Dorothy Stark, Pellissier-Lush’s grandmother, married David Bernard who was a residential school survivor. They had a difficult life, but loved each other and had 17 children, one of the older ones being Pellissier-Lush’s mother. At that time, things were tough. It was essential to gather oysters, clams and lobster to survive, and then in the winter, they made baskets to sell within the community so that they had enough money to buy flour and milk. “And of course potatoes as well which are still a staple across all of PEI,” added Pellissier-Lush. 

The Pope on Monday visited Maskwacis, Alberta, to apologize for “evil committed by so many Christians in Canada’s residential schools.” The voices of Mi’kmaqs are being amplified, drawing attention to the generations of pain that they endured so many years ago, but an apology isn’t usually enough. 

Skift spoke this week to Pellissier-Lush.
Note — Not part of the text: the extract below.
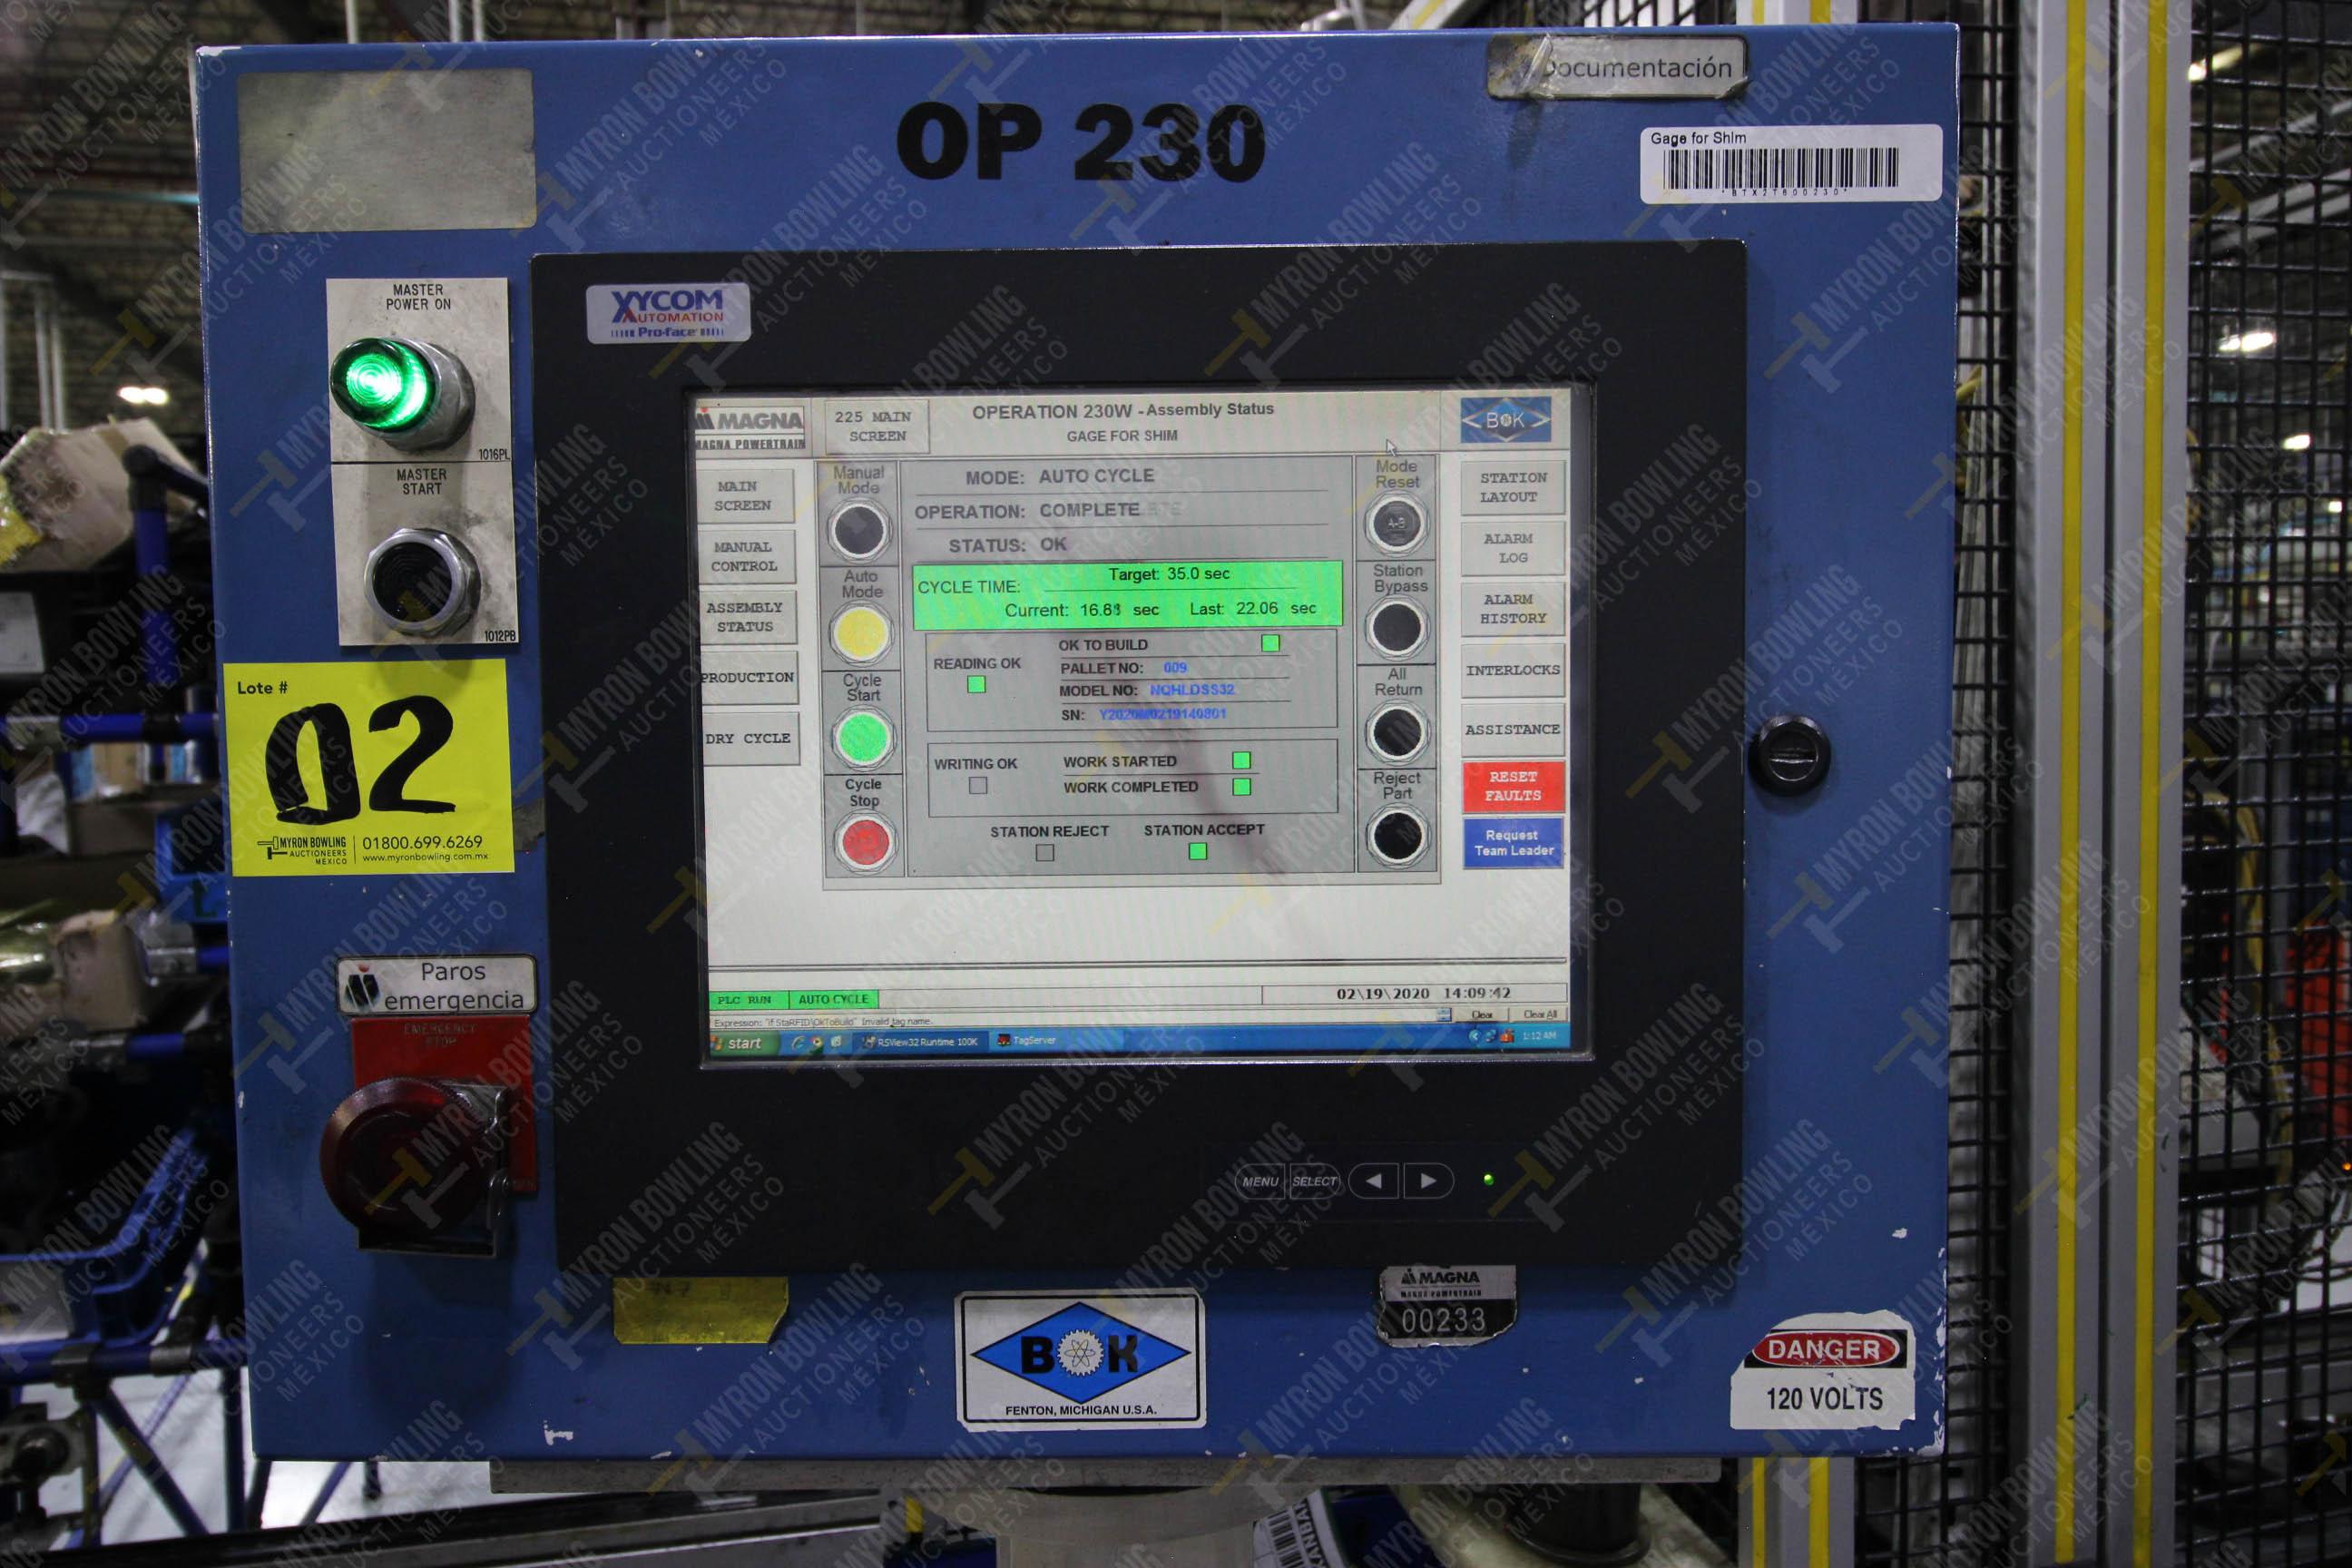 Estación automática para operación 230, para medición de gap - Image 24 of 36

The following conversation was edited for clarity and length.

Skift: Who are the Mi’kmaq people and what is their story?

Pellissier-Lush: We are the Mi’kmaq people of PEI, the L’nu. And we have been here from time immemorial. We were here when there was still ice formed over this big continent. We would chase the wildlife for food and make camp in the evenings and sit under the stars and share our stories. That’s how we pass down our culture, our knowledge, and tradition — through the stories that we share. 

Skift: Can you tell me about some traditional Mi’kmaq cultural practices?

Pellissier-Lush: There’s numerous different cultural practices that we do, and a lot of them are borrowed from other nations. The Sweat Lodge is where we go to pray and where we do different circles. For example, we have talking circles where different individuals come and hold a token, something like a stick or a feather which grants them the ability to speak without anyone interrupting. It’s a great practice of patience to remember the words you want to say as others speak. We also do this in healing circles with our Indigenous justice program where the victim will work things out with the perpetrator, talking to figure out the best way for restitution. We have powwows, or Mawiomis, where we get to gather and share our language, songs, dance, and other traditions. We open it up to everybody on the island. Our powwow drum didn’t actually come back to PEI until 1986. So, we feel a little bit behind the eight ball, but it’s still good. We started it with one drum and one gathering. Now I think we have five Mawiomis across the island here in PEI because we have Lennox island, the native council one, the Aglit one, we used to have one with the Mi’kmaq Confederacy, which is the tribal council here in PEI, as well as UPEI’s Mawiomi day where everybody gathers. Sundance is another tradition where people dance for a certain number of days without food or water. We also have the full moon ceremony, which is the only time we are supposed to cut our hair. So there are different, amazing ceremonies and traditions that are still being passed down. Not all of them are Mi’kmaq, but being the first to be colonized, I think we were the first to lose a lot of the things that we had originally had.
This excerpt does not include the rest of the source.